Did you not get the pm I sent you earlier today through the forum? I do not see my method listed.


----------



## Athefre (Aug 31, 2021)

TipsterTrickster said:


> Did you not get the pm I sent you earlier today through the forum? I do not see my method listed.


Wow, I didn't even get a notification for that. I deleted the poll post and will add that in now. Sorry about that.


----------



## Athefre (Aug 31, 2021)

The development part of the competition has finished! Five methods have been submitted. Click the link below to view the poll where you can learn about the methods and vote on the one you think is best. There are three categories - Best Overall Method for Speedsolving, Most Original, and Most Ergonomic. Carefully study the steps of each method to understand how they work.

*Vote Here!*


----------



## Athefre (Sep 1, 2021)

I will be keeping the poll open until we get a good number of votes. So if you haven't yet voted, vote now!


----------



## GodCubing (Sep 1, 2021)

How many votes are there?


----------



## LukasCubes (Sep 1, 2021)

Who wanna be on my team?

Edit: The comp just ended lol I forgot


----------



## Athefre (Sep 2, 2021)

GodCubing said:


> How many votes are there?


A little over 20 right now.


----------



## LukasCubes (Sep 2, 2021)

Hey athptuiaye


----------



## Athefre (Sep 2, 2021)

Thanks!


----------



## Athefre (Sep 3, 2021)

Let's get a few more votes! If you haven't yet voted, vote now!


----------



## GenTheThief (Sep 3, 2021)

The reconstruction for the 234 method on alg.cubing.net doesn't provide a full or an incorrect solve. There are a bunch of centers that are just not solved.


----------



## LBr (Sep 3, 2021)

yeah, its missing the l2c comm


----------



## Athefre (Sep 4, 2021)

GenTheThief said:


> The reconstruction for the 234 method on alg.cubing.net doesn't provide a full or an incorrect solve. There are a bunch of centers that are just not solved.


Yeah, I talked to the competitor about that before creating the poll. They said that it was intentional. It is supposed to be showing that the user then does whatever comms they want for the centers. Versus inputting the comms in the example.


----------



## V Achyuthan (Sep 4, 2021)

How many votes are there?


----------



## Athefre (Sep 4, 2021)

I turned on email collection in the poll because I had a feeling that something was going on. There was an initial string of five very similar votes all occurring within 40 minutes. Each one put the same method as number 1 in all three categories. I thought "Fine, this could just be the people on the team." Then 6 hours later another string of very similar votes all within 5 minutes. Again each vote had the same method as number 1 in all three categories.



Spoiler: Initial string









Maybe the last one at 13:57 is just a coincidence, but it is very similar to the four above it.





Spoiler: Second string











Then an hour after post number 22 in this topic where I reminded people to vote, there was another vote cast that looked the same as the strings of votes described above. This time email collection was turned on. The email was cuberfast*2007*@gmail.com.

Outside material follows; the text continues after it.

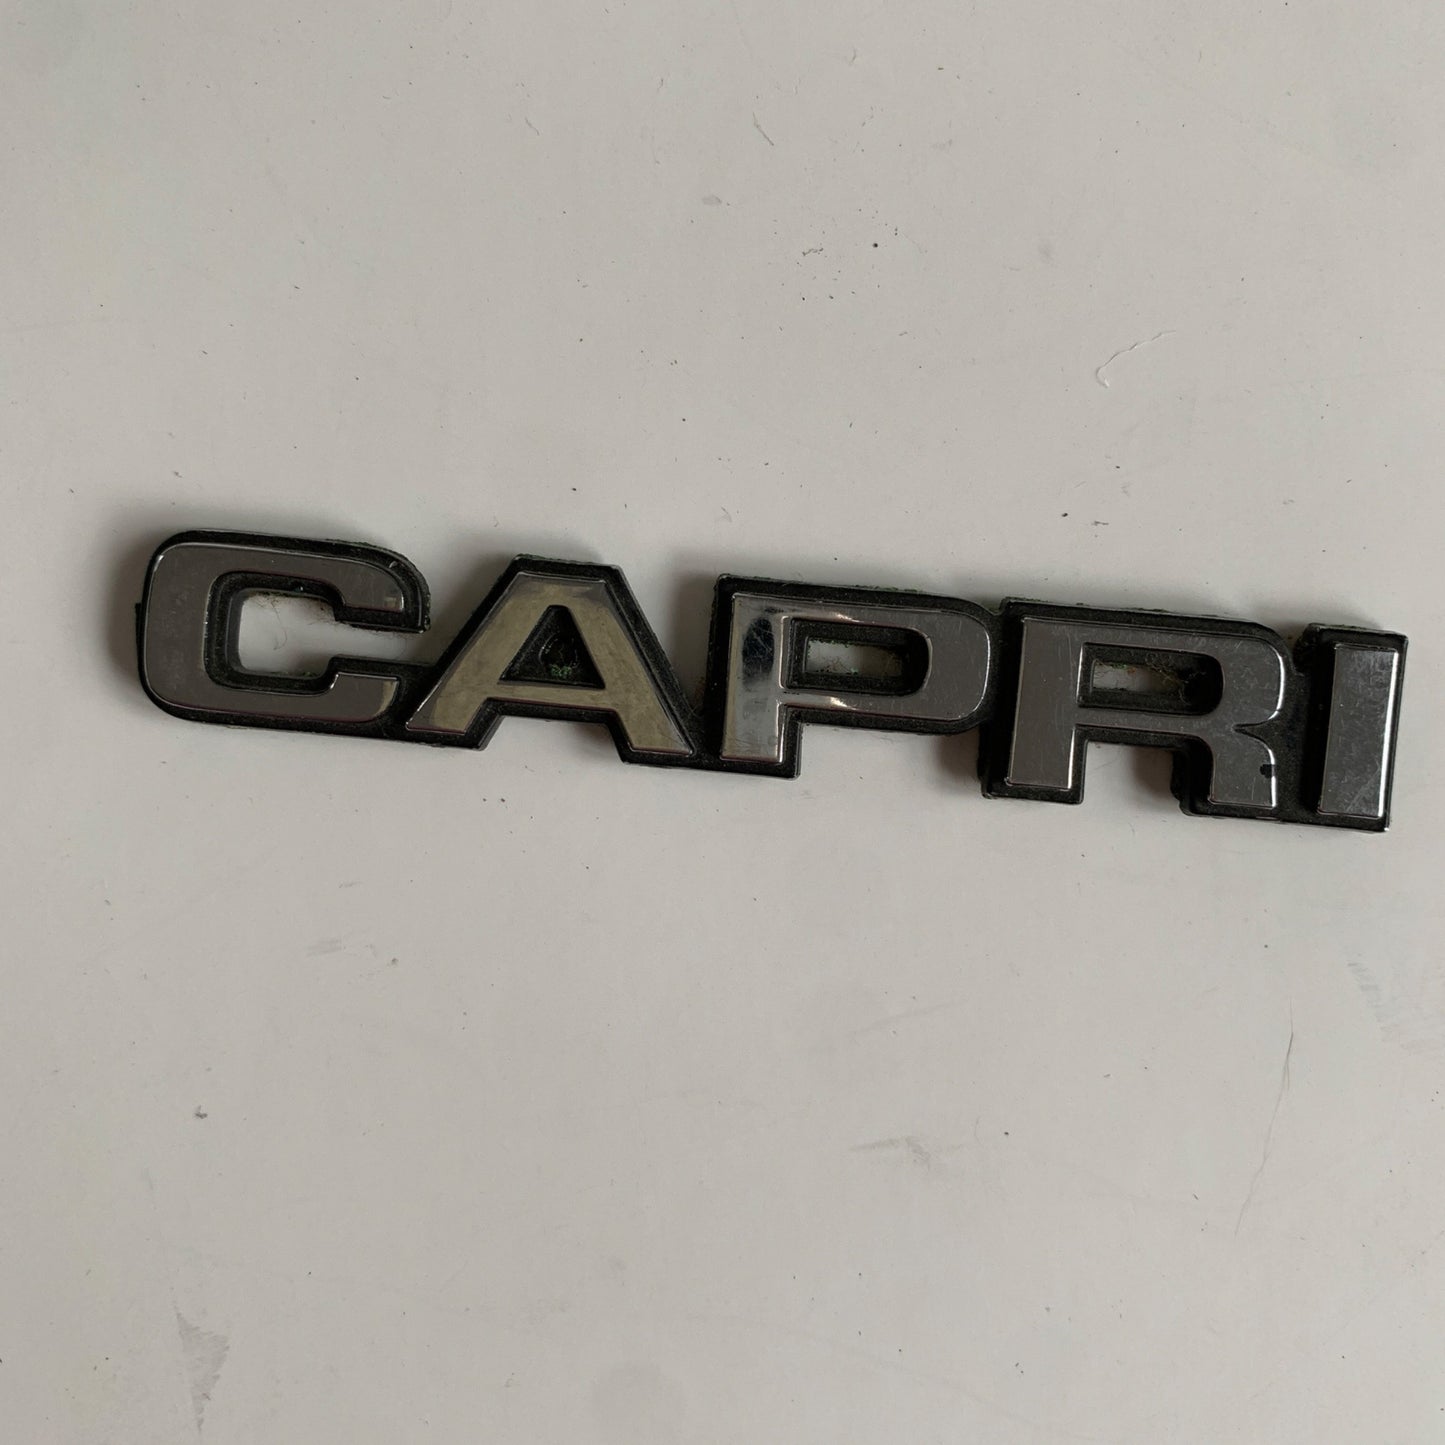 Vintage Mercury Capri Emblem Script Ford OEM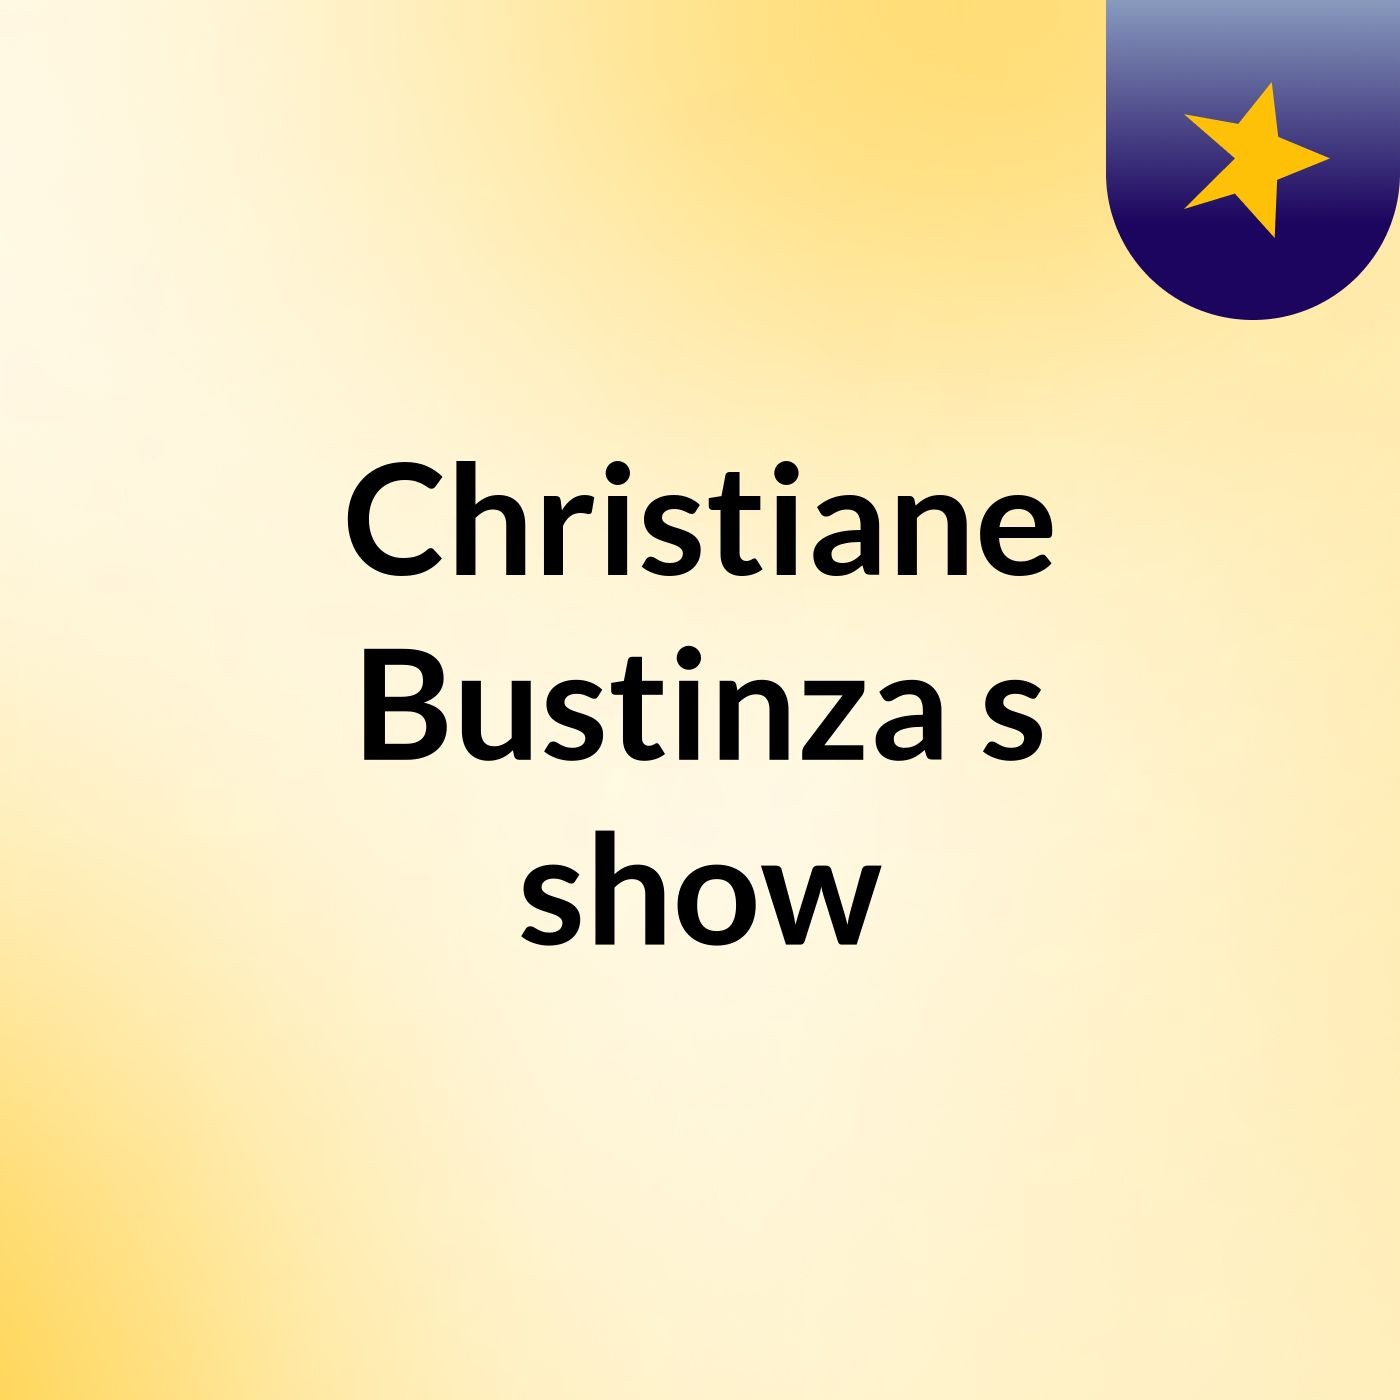 Christiane Bustinza's show

Spoiler: cuberfast2007 screenshots











Then around an hour ago from now there was another set of votes. This time from lolcuber*2007*@gmail.com and lmaocuber*2007*@gmail.com. Again, very similar votes. The votes were around 2 minutes apart. 9:38 P.M. to 9:41 P.M. my time.



Spoiler: lolcuber2007 and lmaocuber2007 screenshots











Just 2 minutes after the above two votes there was a post by xtreme cuber*2007* asking about the number of votes. 9:42 P.M. my time.



Spoiler: xtreme cuber2007 time screenshot







So we have:

cuberfast*2007*
lolcuber*2007*
lmaocuber*2007*
xtreme cuber*2007*

All end in 2007. One name submitted a method for the competition (the one that received all of the number 1 votes mentioned above) and the others look like quickly made up emails and all had similar votes occurring within a series of very close timeframes and each ranked the same method number 1 in all three categories.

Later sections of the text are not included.